But Annie Lazor, who finished third in the 100m breast on Tuesday to miss the team by one spot, had one final shot to make her first Olympics in Friday’s 200m breast final.

She delivered, leading a one-two with King, her training partner the last three years in Bloomington, Indiana. Lazor, at 26, is going to Tokyo along with King, who made it in both breaststrokes. They’re bonded by more than all those laps in the pool.

On April 25, Lazor’s father, David, died suddenly at home.

“He lavished love on his daughter Annie and encouraged her big dreams,” an obituary read. “They traveled together to many swim meets where he was her ardent cheerleader – win or lose, he always let her know that she is so much more than her athletic accomplishments.”

King drove five hours north to the visitation in Michigan. There, she made a promise to Lazor’s mom.

“That she was going to do everything it took to put me on the [Olympic] team, and she was going to pull me through practice every day,” Lazor told NBC Sports before Olympic Trials. “That meant the absolute world to me and to my mom.”

King followed through every day for the next two months. She pushed Lazor as a training partner. She distracted her as a friend with silly stories.

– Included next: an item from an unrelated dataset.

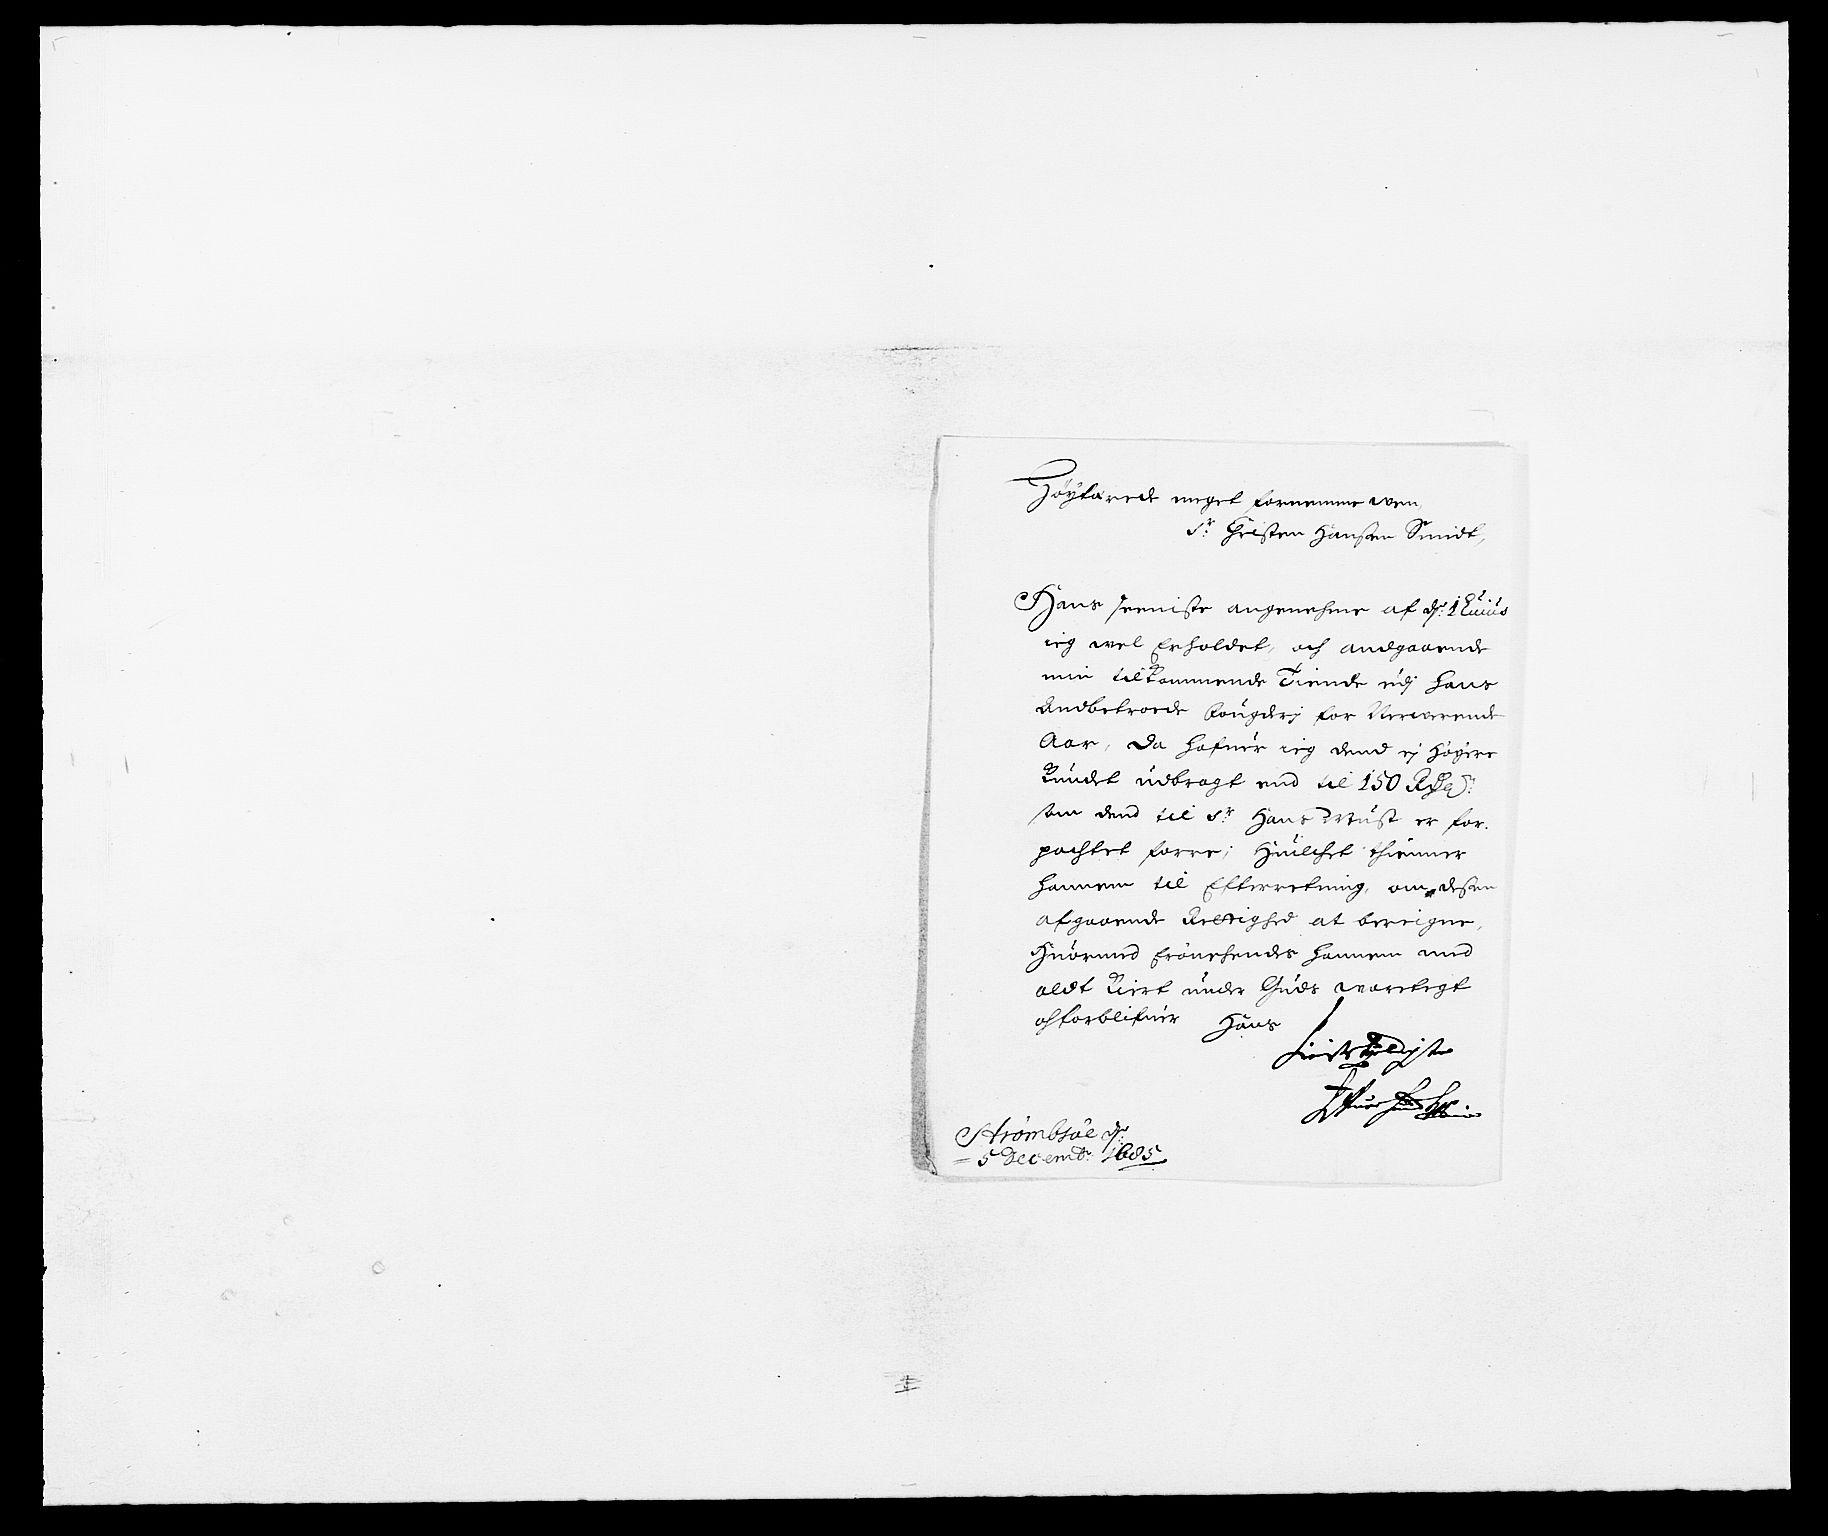 RA, Rentekammeret inntil 1814, Reviderte regnskaper, Fogderegnskap, R08/L0421: Fogderegnskap Aker, 1682-1683, s. 138

“She’s being authentically Lilly by doing that,” Lazor said of King, known for her brash comments and intimidation on the starting blocks, but also for teaching middle school PE, eating a Happy Meal each week in her college days and wearing Crocs everywhere. “That’s what’s really helped me kind of humanize her the last few months.”

At age 26, Lazor was trying to become the oldest American woman to qualify for her first Olympic team in the pool in 17 years.

SWIM TRIALS: Results | TV Schedule | Women’s Event Previews | Men’s Event Previews

She failed in her first chance Tuesday night, when King won the 100m breast and qualified to defend her Olympic title in Tokyo. The 17-year-old Alaskan Lydia Jacoby took second.

“I honestly felt kind of bad because I could tell Lilly was excited to make her second Olympic team, but she was just as heartbroken for me,” Lazor said. “That says everything that you need to know about our relationship, about how she wants me to be there with her for those amazing moments.”

Four years ago, Lazor was what they call a swammer. She quit after missing the Rio Olympic team in both breaststrokes, graduated from Auburn and took an operations internship in the Cal-Berkeley athletic department.

Lazor, feeling the itch to give it one more shot, returned to the pool after a year away in 2017. She eventually worked up the guts to ask if she could train with the world’s best breaststroker.

King and her coach, Ray Looze, welcomed Lazor into their training group in April 2018. By the end of the year, Lazor won a world short-course championship.

“I wouldn’t be here if it wasn’t for Lilly,” Lazor said in 2019, according to Swimming World. “Honestly, given what I thought I knew about her prior to that, I was pretty surprised. Lilly, obviously, has somewhat of a reputation. I would think if it were my competitor and she had this program that’s working really well for her, why would you want to share that with her other competitors?”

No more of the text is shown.